Chapter 4. Tutorial

The best way to get acquainted with BPEL is to see it in action. For this reason, we included some examples that will help you get started quickly. At this point, you should have the jBPM BPEL enterprise application running inside JBoss. If you do not, please read the Getting started chapter first. This chapter will guide you through the example setup procedure. The subsequent chapters contain the actual examples.

4.1. Getting the Java Web Services Development Pack

jBPM BPEL relies on the Web Services for J2EE (WSEE) model for exposing a BPEL process as a web service. As of jBPM BPEL 1.1.GA, all server artifacts required for a WSEE deployment can be automatically generated from the BPEL process and its related WSDL definitions.

The automatic generation process involves an external WSDL-to-Java mapping generator. Unfortunately, such a tool is not standardized in WSEE. jBPM BPEL comes with support for the following tools. Support for other tools may become available in the future if the community has interest in them.

  • JBoss AS 4.0.4 and later versions ship with a mapping generator by the name of wstools. If you are deploying there, no further action is required.

    Be aware that wstools has a number of known limitations. If you encounter a problem while generating artifacts from your valid WSDL and XML Schema documents, try using wscompile (see below).

  • Sun provides a mapping generator called wscompile as part of its Java Web Services Development Pack (JWSDP). Please refer to the JWSDP site for installation instructions.

4.2. Getting the Eclipse BPEL designer

The Eclipse community has begun a BPEL project. The goal of this project is "to add comprehensive support to Eclipse for the definition, authoring, editing, deploying, testing and debugging of WS-BPEL 2.0 processes".

The JBoss jBPM team has been in touch with the committers of this project. Expect tighter integration between the Eclipse Designer and jBPM BPEL shortly after key pieces of functionality such as Runtime Framework and Debug become available.

No need to wait, tough. You can get started with the Eclipse BPEL designer and jBPM BPEL today! The provided examples have been ported to BPEL 2 using version 0.3.0 of the designer. You can load them, experiment a bit and then create your own processes. When you are ready to deploy, an Ant task and the deployment page in the web console are at your disposal.

4.3. Defining the environment

The resources related to each sample process reside in a separate directory under examples. Each directory contains an Ant script to assist in carrying out process deployment tasks. Note that the individual scripts import generic build files located in the common directory. If you organize your resources in the same way as the examples, you can take advantage of the templates in your own project.

The generic build file needs to be aware of your particular environment. Back in the Application packaging section, you specified the directory where you installed JBoss AS in the build.properties file, located in the config directory. If you chose to use the wscompile tool, edit build.properties again to set the JWSDP install location.

# jwsdp.home is used for generating web service artifacts
# wscompile is an alternative to wstools provided by jboss 4.0.4 and later
jwsdp.home=${software.installation.dir}/jwsdp-1.6

4.4. Creating the database schema

Before you deploy process definitions, the jBPM schema must already exist in the database. The build file from the examples directory provides a target just for this purpose.

ant create.schema

The target above does not actually access the database. It merely contacts a servlet deployed as part of the jBPM BPEL enterprise application. That servlet is the actual agent in charge of executing the DDL statements.

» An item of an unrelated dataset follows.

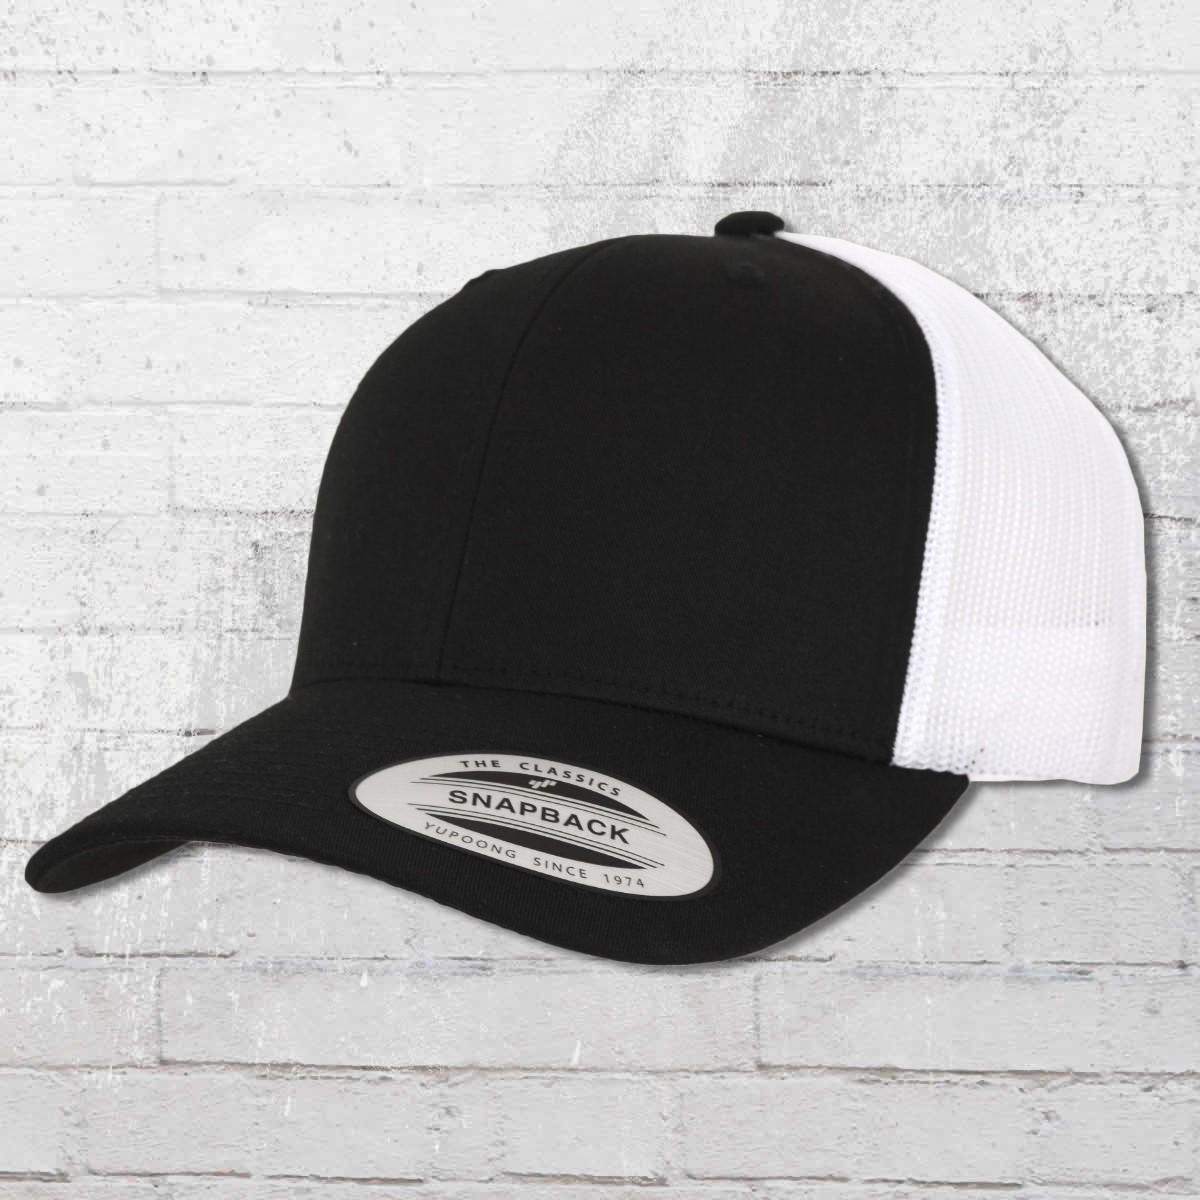 Yupoong by Flexfit Hat Retro Trucker Cap Snapback black white. ›‹ « 9718586c7fff

Hibernate emits a few log messages to the server console as it progresses. The next screen corresponds to a successful creation.

19:18:38,890 INFO  [SchemaExport] Running hbm2ddl schema export
19:18:38,890 INFO  [SchemaExport] exporting generated schema to database
19:18:38,890 INFO  [DatasourceConnectionProvider] Using datasource: java:/DefaultDS
19:18:39,046 INFO  [SchemaExport] schema export complete
19:18:39,062 INFO  [[/jbpm-bpel]] administrationServlet: created schema

Alternatively, the database connection page in the web console offers the option to create the schema as well.